I don’t quite have a routine yet. Maybe once I do, I won’t feel the need to blog every two days or so, but right now, everything I do is so new and interesting that I immediately want to blog about it.
This weekend was filled with sightseeing, meeting new people, and starting to gain a level of comfort in my new home. Liz and Michael, who graduated with me from Grove City College this past year, arrived on Friday night from Zhucheng where they are also teaching preschool. Michael has been here since February and speaks some Chinese, which was helpful, while Liz has only been here since September and speaks no Chinese, so we bonded a lot over that. It was wonderful chatting with them and trading China stories as only foreigners who have lived in China can. He and Liz are the only foreigners in their tiny town of one million people, so Liz especially has been feeling isolated. While I frequently get stares in Qingdao–because I am white–the frequency is nothing compared to what they experience. Michael even joked that he caused an accident because drivers were staring at him . . . a story which is truer than you would expect. I think they were as happy and I was to be able to get together in Qingdao.
On Saturday morning, Liz and I took the buses all by ourselves to downtown Qingdao for some coffee and shopping. This was my first time to really explore the downtown area, and it was a beautiful day, even though the pollution levels were still a little high.

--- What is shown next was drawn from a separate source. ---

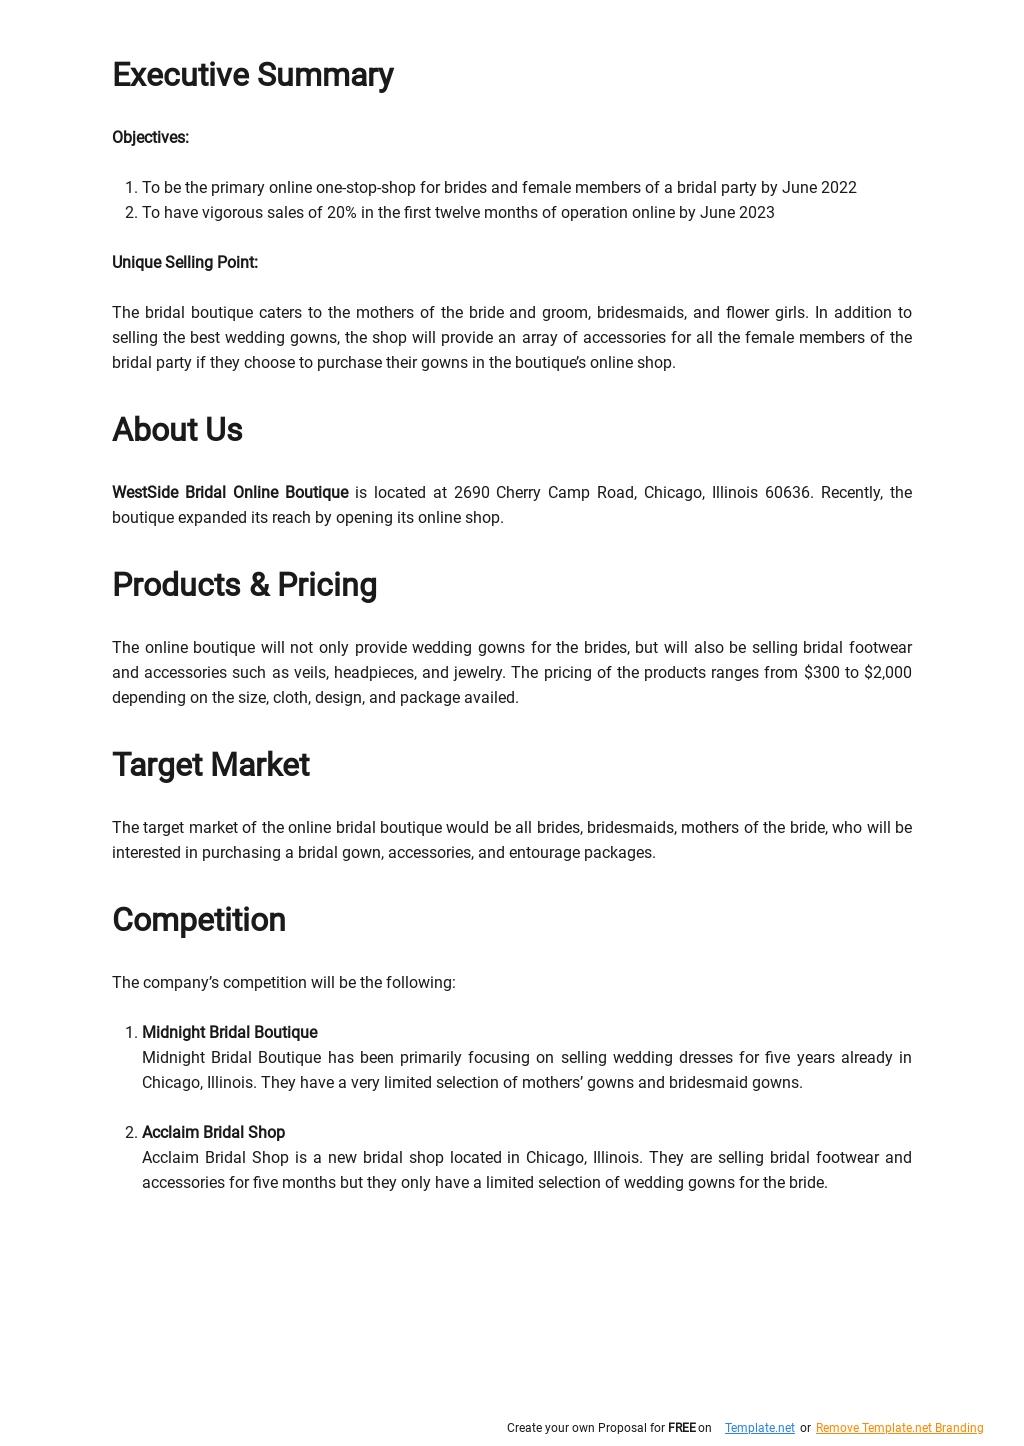 Online Boutique Business Plan Template 1.jpe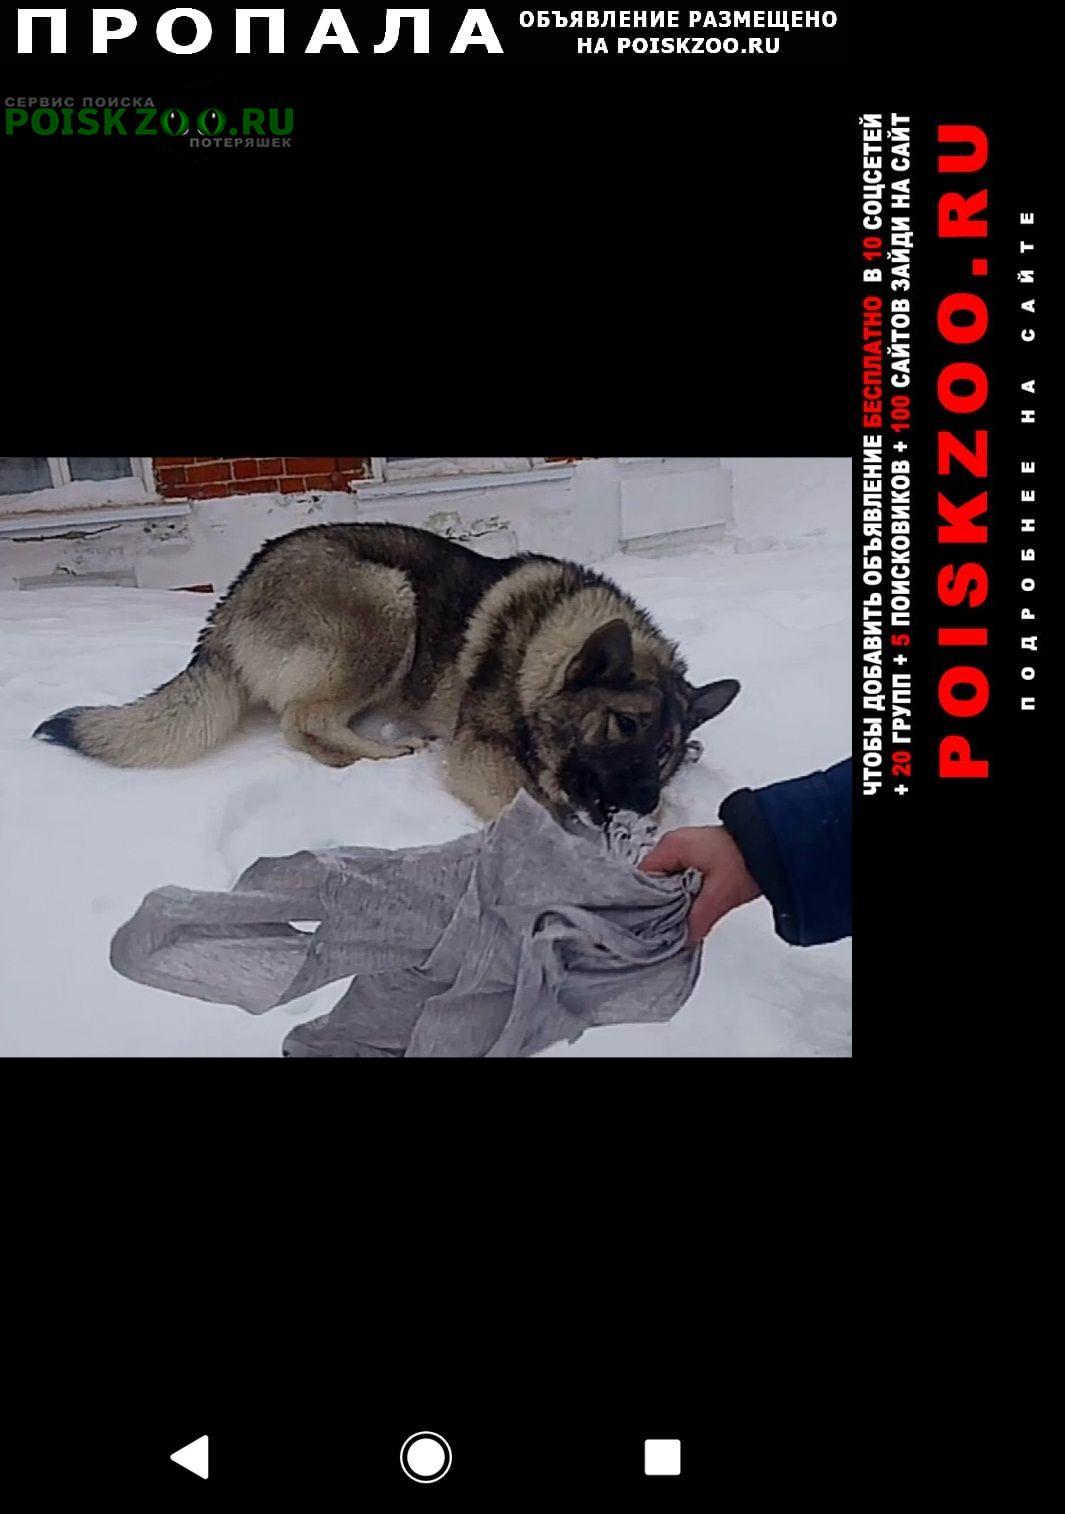 Пропала собака кличка буля, 7 месяцев Истра

Qingdao hosted the Olympic sailing competitions during the Beijing Olympics of 2008. Consequently, the marina is beautiful. I spent a good hour wandering along the quay, taking pictures and enjoying the almost refreshing sea breeze.
On Sunday we attended a house church for foreigners. My friend Nicole told me that the police once barged in during a service to make sure there were no Chinese citizens in attendance. Its a very different way of thinking than we, as Americans, are used to.
Its incredible the number of ex-pats I’ve met in the past week and a half. I already feel like I have a strong community surrounding me, and I hope to continue to grow these relationships.
Sunday night, I got a call at 6:30PM from my boss, Kirk. He told me there was a play starting at a coffee shop in a half hour and if I wanted to join him and Sheena, I could jump in a taxi and he could talk to the driver for me. I stared at my phone for a while, trying to decide whether or not I wanted to go out again that evening into a scary city all by myself for the first time. I have known for years that when I am tired and don’t feel like going out for a stupid reason, I just need to grit my teeth and go out, and I never regret it. If I choose not to go out, being an extrovert, I always regret it.
So I grit my teeth, hailed a taxi, and handed the phone to the driver. I officially took my first taxi by myself with no problems, which made me feel so much more confident in myself. This decision to jump in the taxi led to some awesome events that would affect my life for the next 24 hours.
When I arrived, Kirk was waiting on the street for me, so I was finally able to meet him and Sheena in person after talking on the phone with them since August. The play was hosted in the back of a coffee shop. It was a one woman play, chronicling the life of Miho Kahn and her struggle with drugs, an abusive relationship, and other life events. It was a very powerful tale of a broken woman finding redemption in Jesus. At the end of the play, I realized that Miho herself was the actress, and the audience was able to pose questions to her about her experiences. This made for a very powerful format, as she was there to share her experiences and encourage people toward healing.
After the play, Kirk and Sheena introduced me to a number of other ex-pats, and I got to talk with Miho, her husband Dave, and her daughter Kaya, who are all from the Philly area. Due to an error with flight scheduling, they had to spend an extra day in Qingdao. Kirk told me he would drive me home so I didn’t have to take a taxi, but first he was going to drop off Miho and Kaya. On the drive, Miho and Kaya told us about their trip to Laoshan, a famous mountain near Qingdao that I had already been told I needed to climb by a number of people. Miho and Kaya decided that since they had to spend an extra day in Qingdao, they undoubtedly wanted to go back to Laoshan. Kirk offered to have Driver Wang–who picked me up at the airport–take them in the morning after visiting the preschool. I offered to join them since I didn’t have to work on Monday and I really wanted to go to Laoshan.
By taking the leap into that taxi, I was able to meet some amazing people and experience China’s beauty at Laoshan.
The Laoshan trail is a loop, but the trail is hard–and keep in mind that I, a seasoned backpacker, am saying this. While the path is generally man made, the climb is brutal, as the trail does not seem to utilize switchbacks. Since Miho and Kaya had been already, they decided to take the loop to the right, since they had walked to the left, then turned around and come back. They told Dave and I that we had to take the loop to the left as it was gorgeous. It turned out that Dave and I hiked very well together as we had a similar pace. In total, we hiked 6 miles, making it around the entirety of the loop!
Following are a few pictures in an attempt to capture the beauty of the mountain. The pollution levels had dropped considerably since Saturday, so the air actually smelled clean!
Climbing Laoshan was a wonderful close to the crazy nine days since I arrived in China. While I’ve had many ups and downs, this weekend really helped me start to feel more positive and settled in Qingdao. I am so thankful for the people who have gone out of their way to help me and make me feel welcome. This week, I start teaching, and life will begin to settle down. Well, as much as it can in China.